Ущербный. Начало. Иван Чичинов

 
         Анна Сергеевна Краснова возвращалась с работы. День выдался, как обычно, нелегким. Попробуй целых восемь часов маятником пробалансировать между товарами и покупателями.
         Ноги гудели, неся бескостное, ватное от усталости тело домой. В руках, чуть не волочась по земле, качалась авоська с продуктами. Сейчас она доберется до дивана, полежит минутку и – на кухню. Скоро должен прийти Семен Николаевич, ее муж, с которым впервые в этом году они оказались одни в квартире. Старший сын – в армии, уже офицер, а дочь – студентка в краевом городе, выбрала профессию культработника. Как-то резко, одним взмахом тоскливого птичьего крыла, обрушилось на них непривычное одиночество. Бабушка Поля в каждом письме зовет в гости, не надеясь уже понянчиться с правнуками.
Не успела Анна Сергеевна снять туфли, как зазвенел дверной сторож.

– Кто там? – в дверном глазке виднелась какая-то молодая девушка.

- Вам телеграмма, – девушка помахала перед глазком листком. – Из Кедровки!
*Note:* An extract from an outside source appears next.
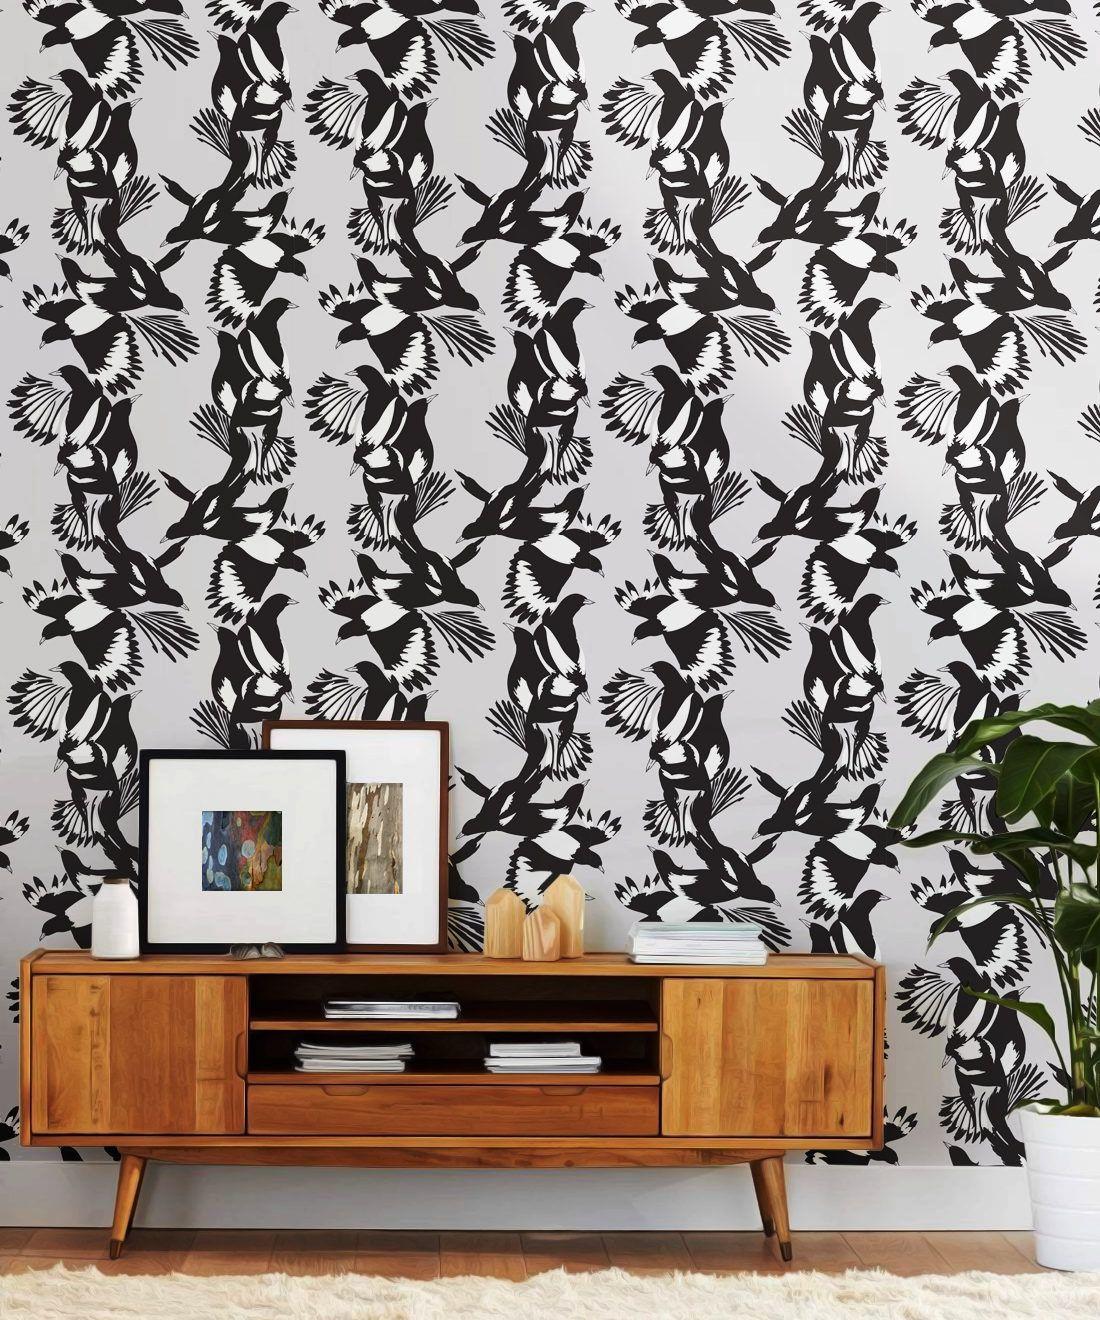 Magpie Wallpaper • Milton & King • Kingdom Home • Bird Wallpaper • Black & White Insitu

Сердце Анны Петровны вдруг дернулось и стало вырываться толчками из груди, стуча молоточком в висках. Дрожащими руками она разорвала заклеенную часть бумаги. Бесстрастные серые  буквы, напечатанные намертво, складывались в неприятную, неприемлемую горечь: «Выезжайте похороны тети Поли. Зина».

         Половина следующего дня ушла на утряску дел с работой, закупку необходимого, подготовку к поездке. На полдень заказали такси. Автобусы, что ходили раньше в те края, давно отменили, как хочешь, так и добирайся. Не то, что прежде. Вон, сын подруги тети Поли, аж из Эстонии добирался до глухой алтайской деревни Кедровки за сутки. А теперь – захочет, да не сможет вырваться оттуда. Так и остался в другой стране, тоскуя по родительскому очагу.
Анна Сергеевна больше плакала, чем занималась сборами. Благодаря стараниям Семена Николаевича они отправлялись на последнюю встречу с дорогим человеком, а может быть, и с самой деревней. К кому после надо будет приезжать туда?
           Всё или не всё они собрали, что нужно было взять для этого – никто не знал, да и кто когда знает? Главное – не забыли хороший венок выбрать в соответствующем бюро. Хорошо, что их  сейчас много, не то, что прежде. Да и надписи на лентах, как и сами ленты, красиво сделаны. Не обидится на них тетя Поля. Ну, а домовину деревенские мастера, наверное, уже сварганили и лежит покойница в пахнущей свежим кедровым духом, просторной своей лежанке, отмучившись от всех земных забот, от надоевших болезней…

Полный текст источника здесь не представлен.